>>>>>

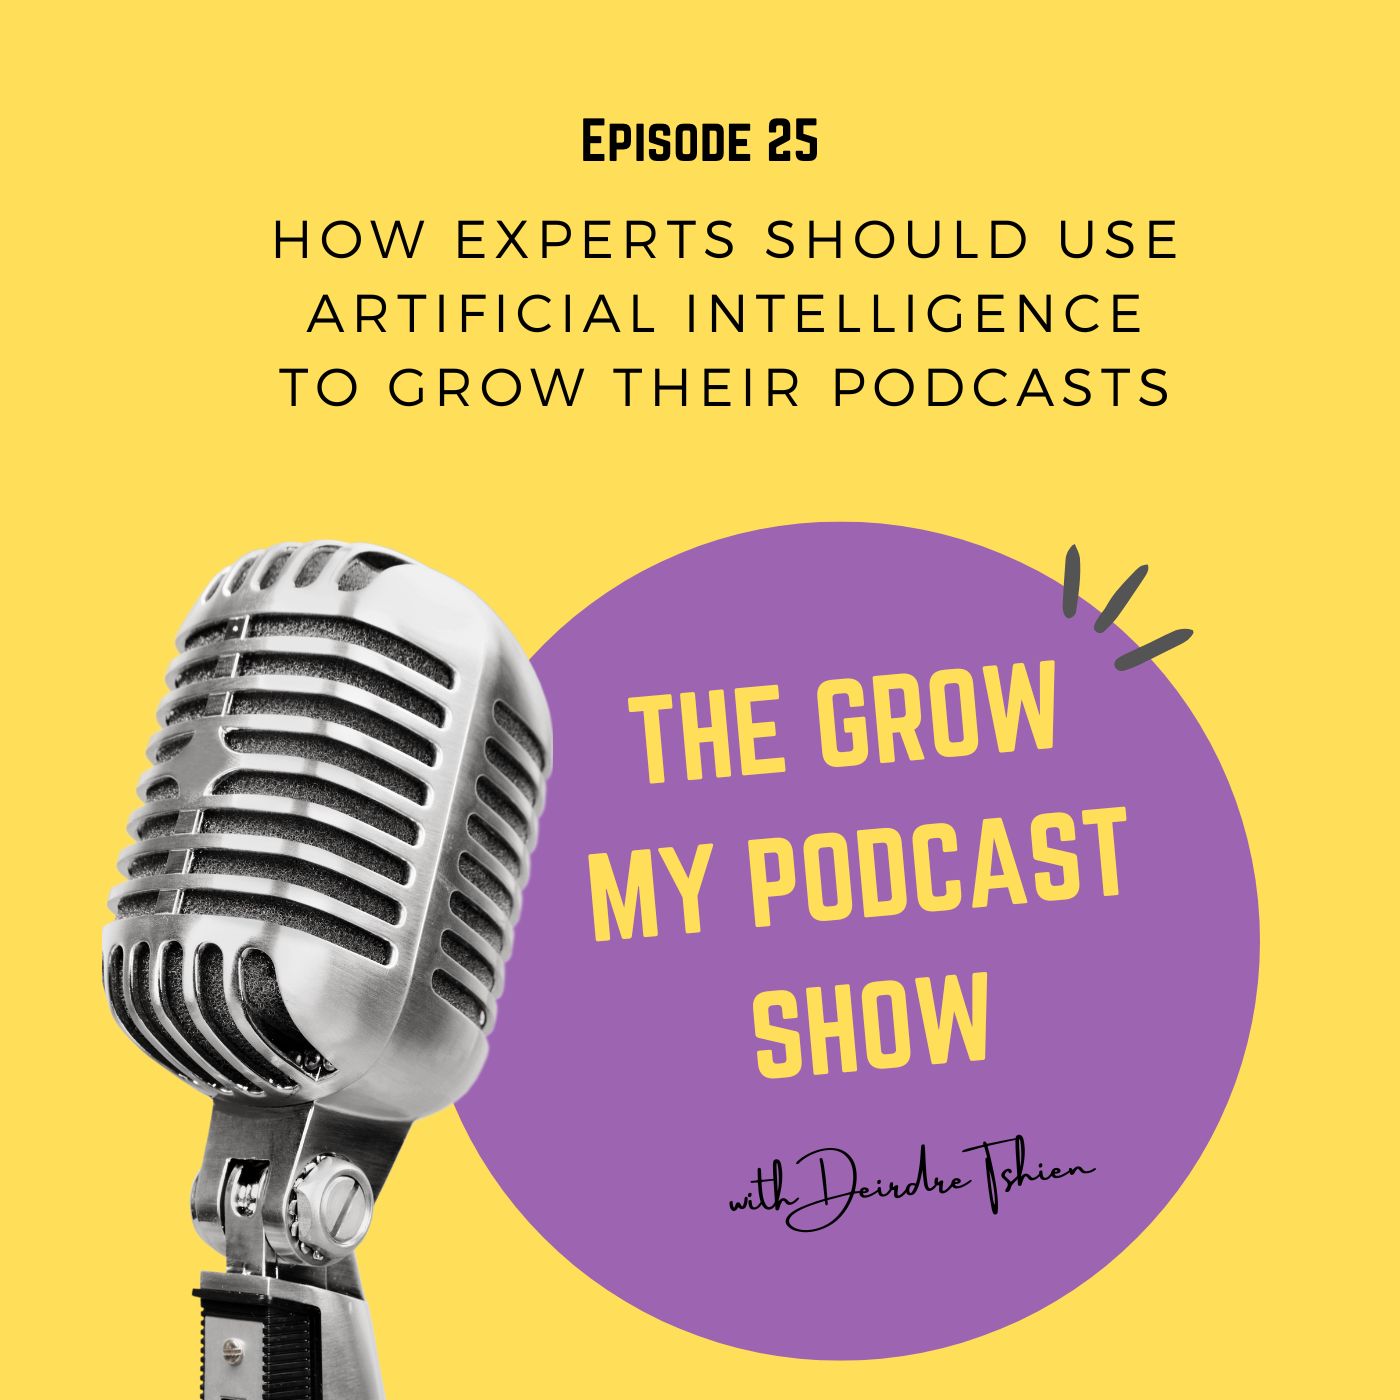 How Experts should use Artificial Intelligence to grow their podcasts Image
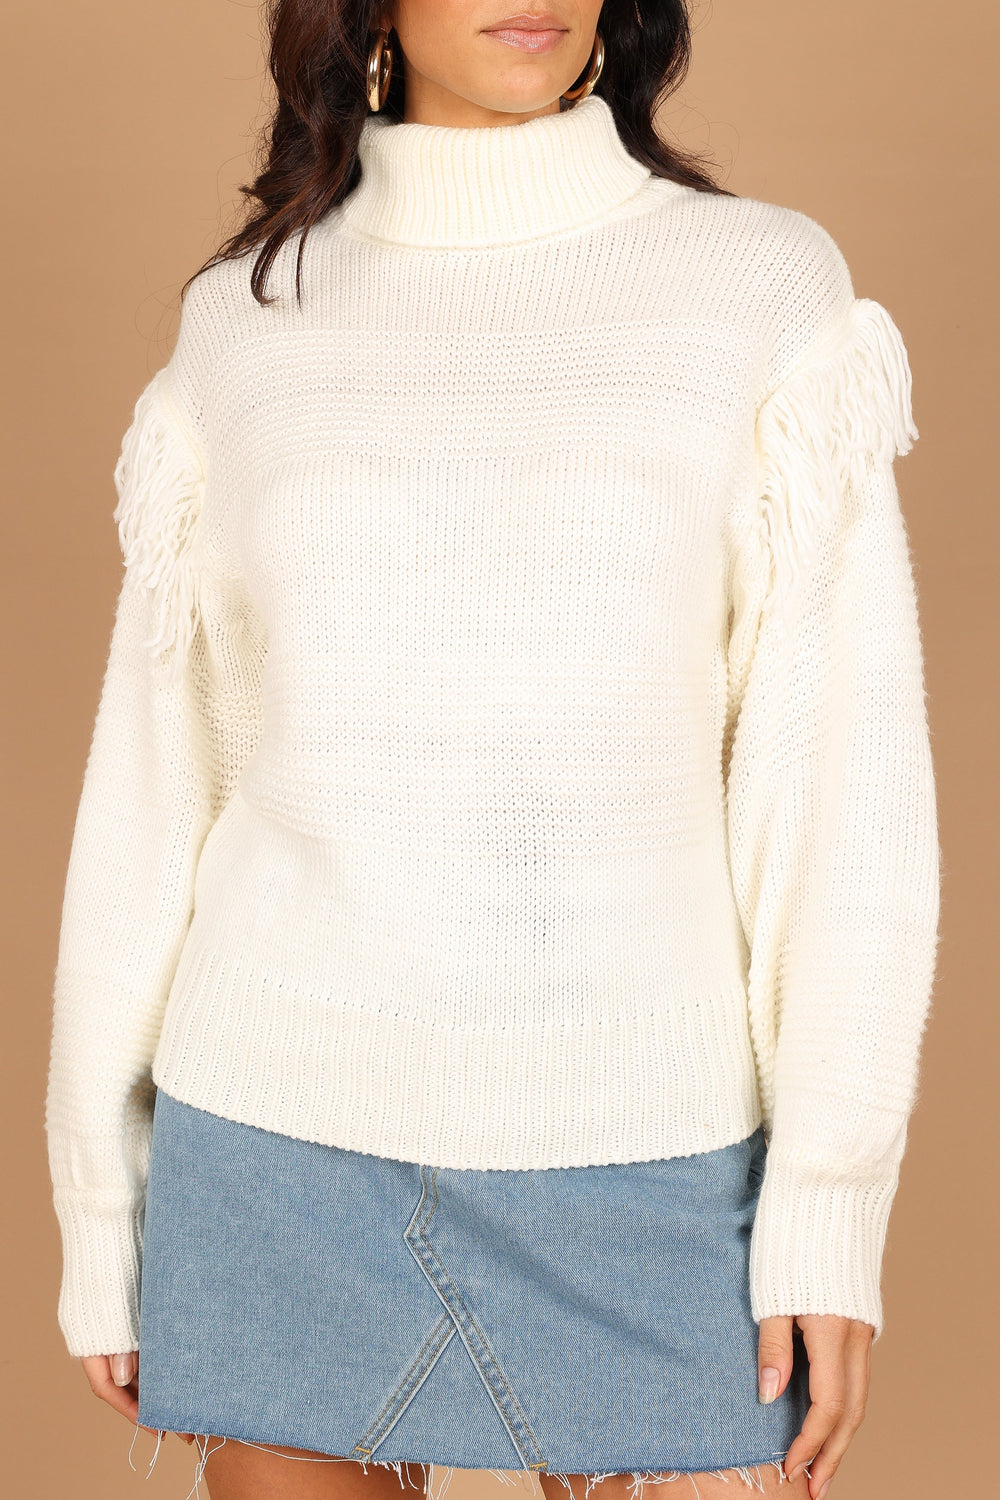 Petal and Pup USA KNITWEAR Christie Fringe Knit Sweater - Cream
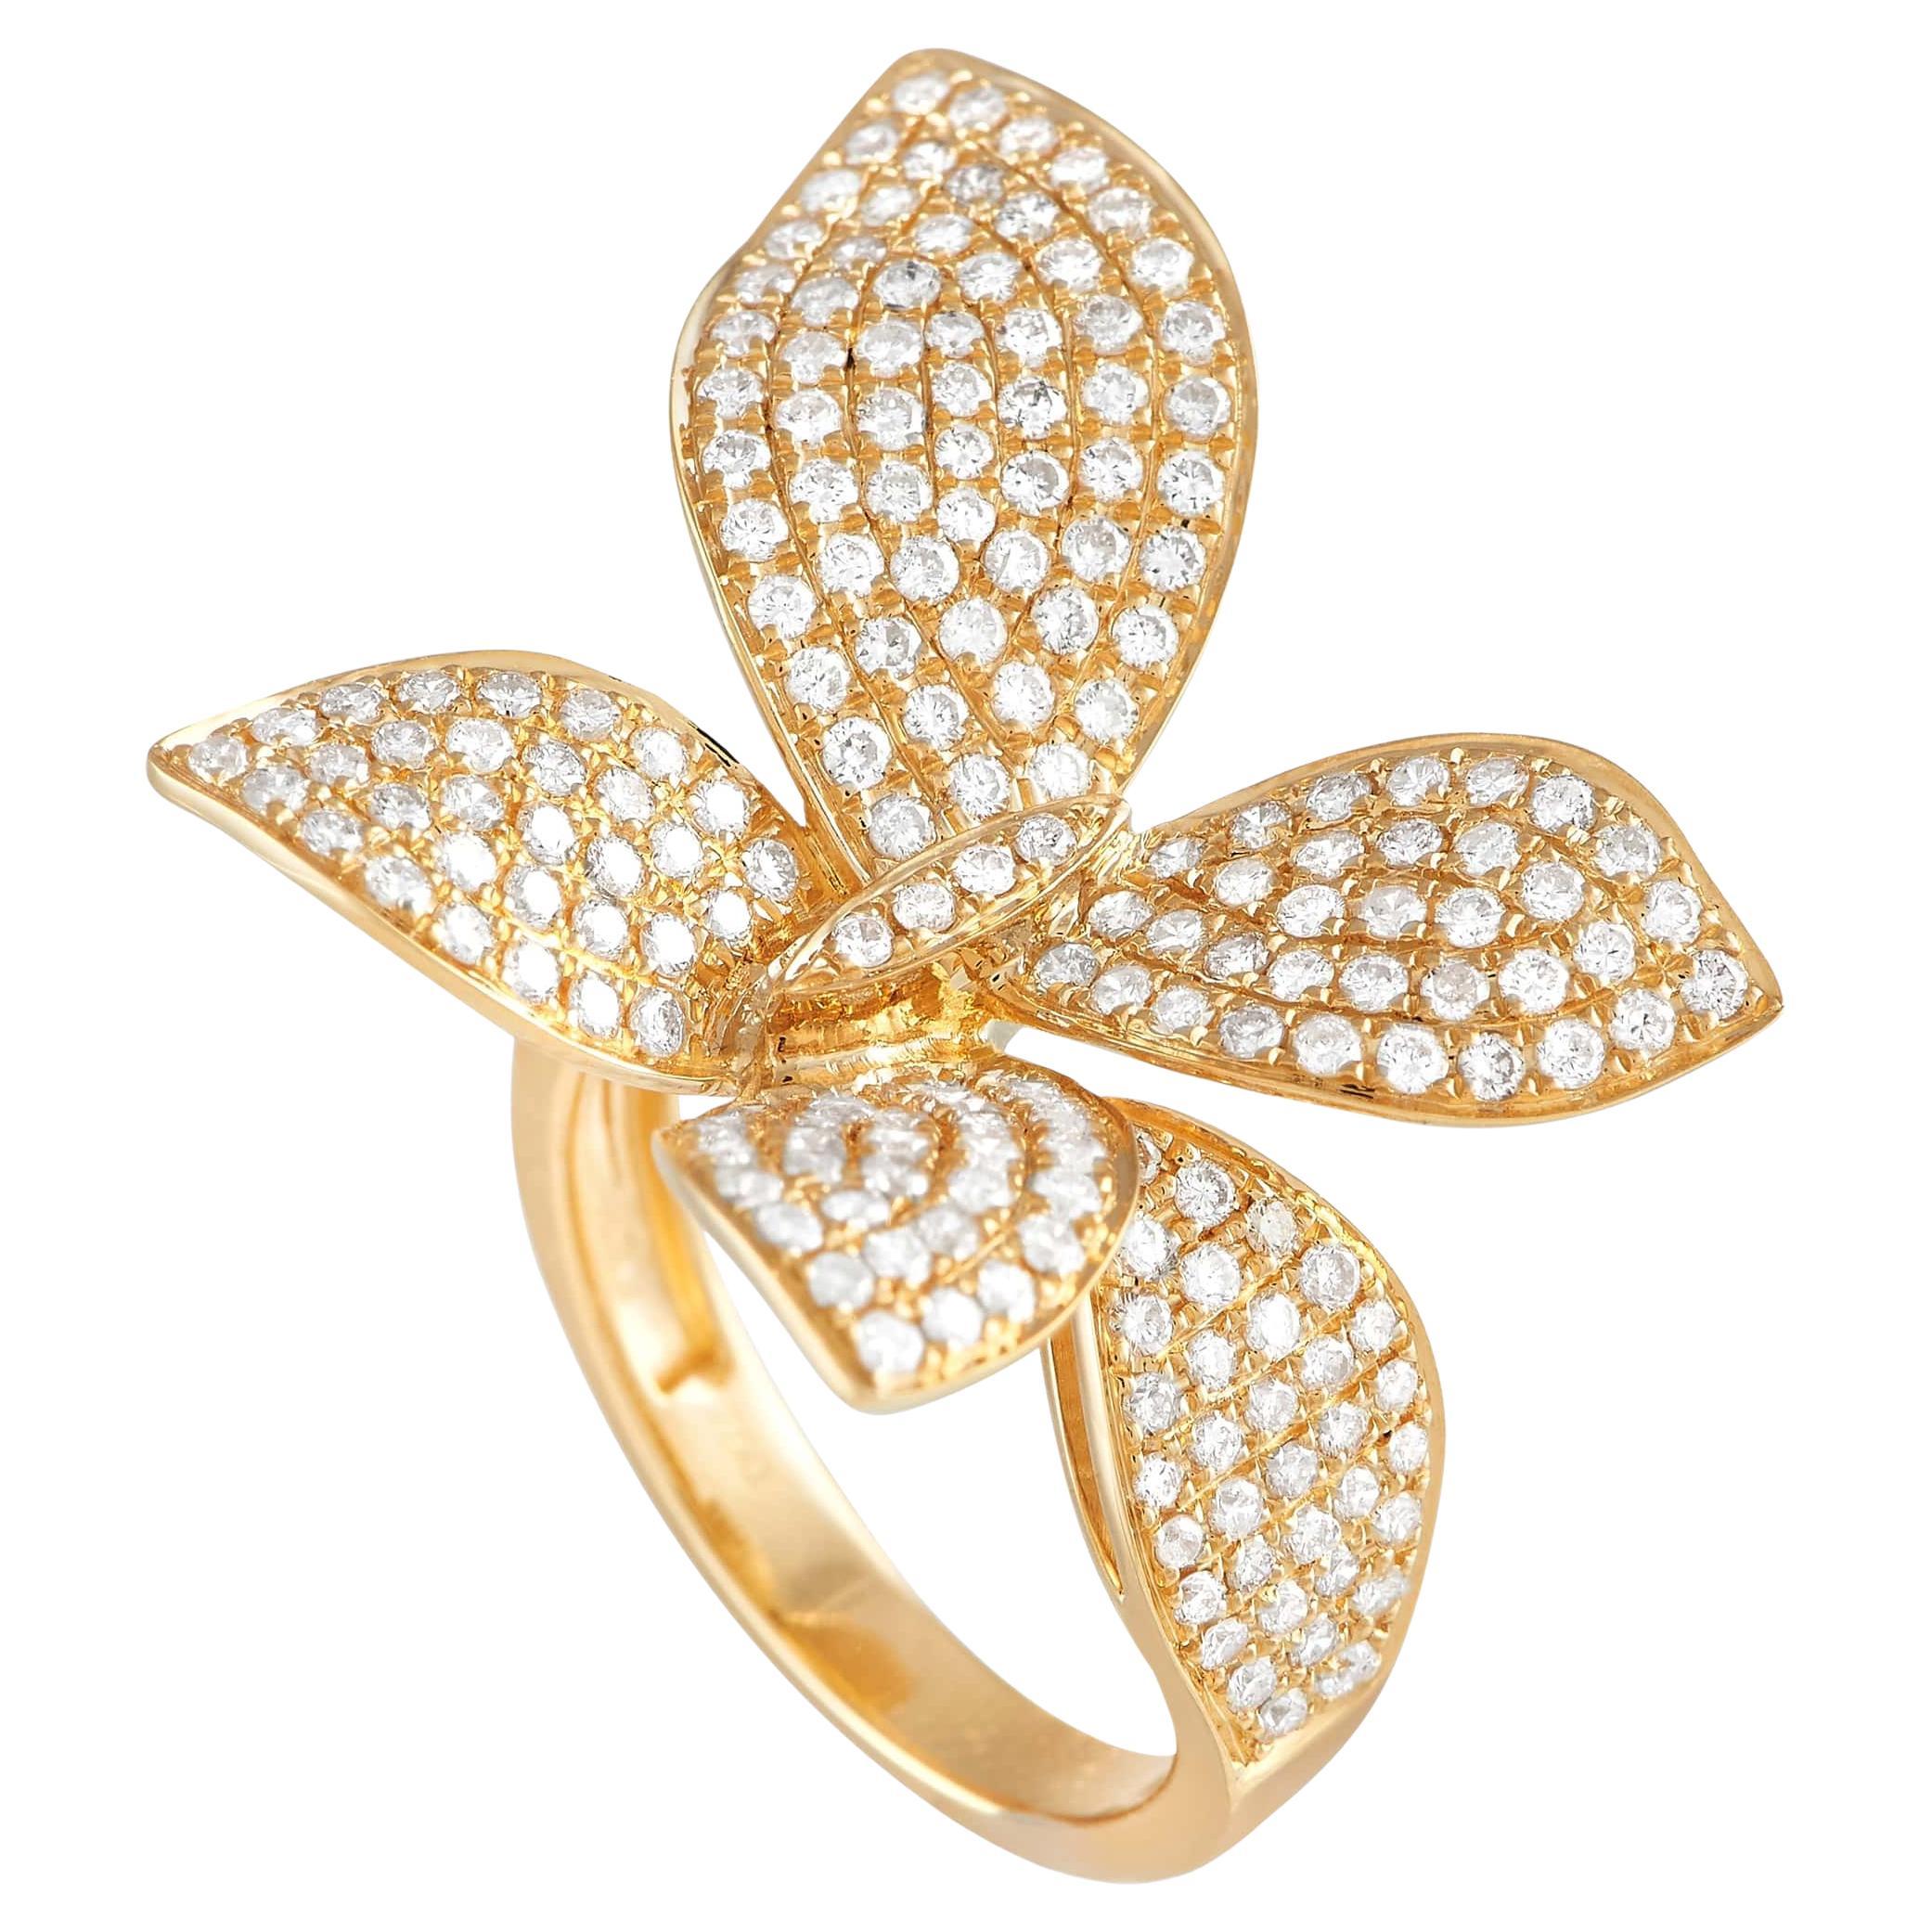 LB Exclusive 18k Yellow Gold 1.85ct Diamond Orchid Ring For Sale

<<<<<

▶ Try it
Without copying any picture, repeat the full listing above word for word.

▶ Result for this task
 How Experts should use Artificial Intelligence to grow their podcasts Image
 Petal and Pup USA KNITWEAR Christie Fringe Knit Sweater - Cream
 LB Exclusive 18k Yellow Gold 1.85ct Diamond Orchid Ring For Sale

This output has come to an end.